Then, she almost giggled. "I haven't been on date for fourteen years! All because of the LEP. I'm only in it because Dad was."

Excited, she flung open her wardrobe. A barrage of assorted shoes rained down on her. "Ow! That's gonna leave a bump."

She brushed aside a heap of ugly heels, and stared in despair at the racks of drab uniforms. Raine sighed. It was her own fault for always wearing strict, LEP regulation.

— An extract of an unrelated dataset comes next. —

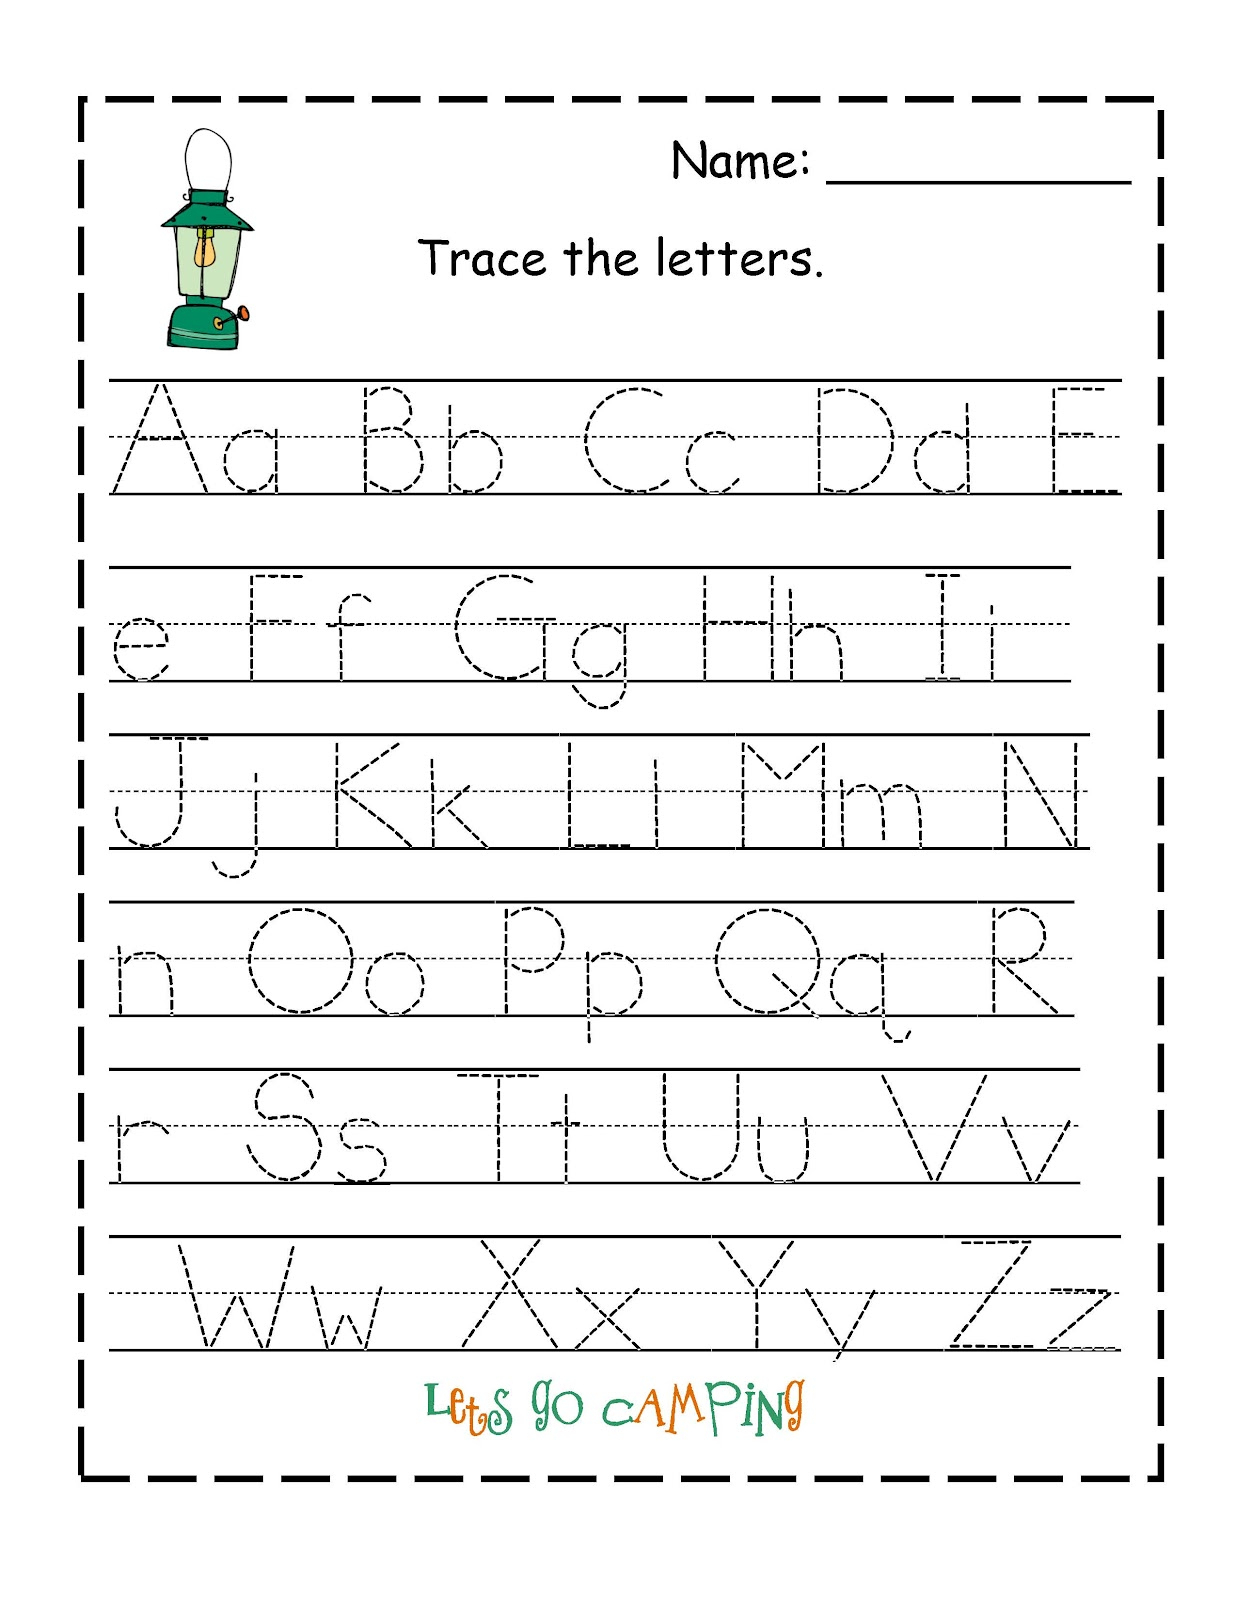 Alphabet Printables For Preschoolers Free | Kiddo Shelter | Alphabet Printables Free Worksheets
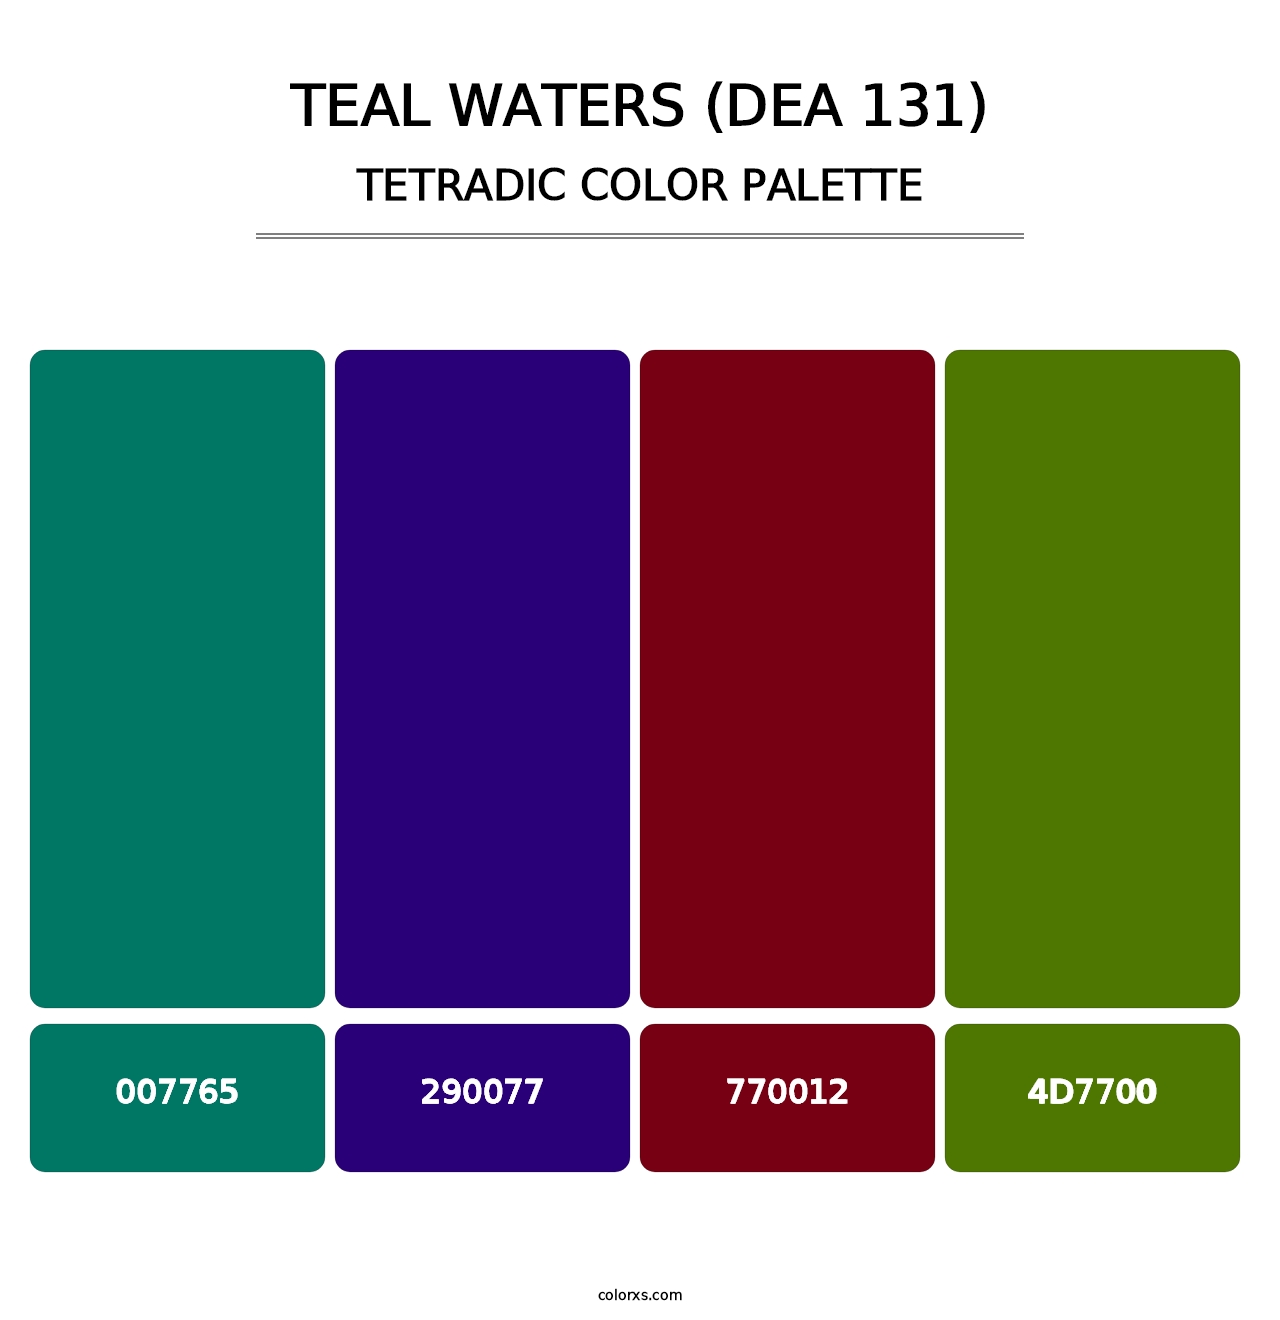 Teal Waters (DEA 131) - Tetradic Color Palette

"Okay. Now I really hate LEP life. Perhaps, I'll need the advice of an expert..." mused Raine. She brightened, and whipped out her pink FPhone. She knew exactly who to call.

20 minutes later...

"Hey, what's cooking?" A high-pitched falsetto squeaked.

"Holly?" Raine asked suspiciously, "What do you sound so weird?"

"Uh, it's actually me. Holly's a bit busy, sorry." Foaly said in his normal voice, as he clomped his way inside.

"B-but..." Raine was at a loss of words. Even her Recon training couldn't have prepared her for this.

"Don't worry! I'm a fashion expert! I know all the latest, hip trends!" Foaly adjusted his crumpled tinfoil hat.

"Oh... Well, I did always think you were um... girlish or even..."

"This is going to be totally swell!" Foaly beamed, as he grabbed her hand and led her out the door.

"No one says "swell" anymore." Raine twitched as the horse nerd touched her.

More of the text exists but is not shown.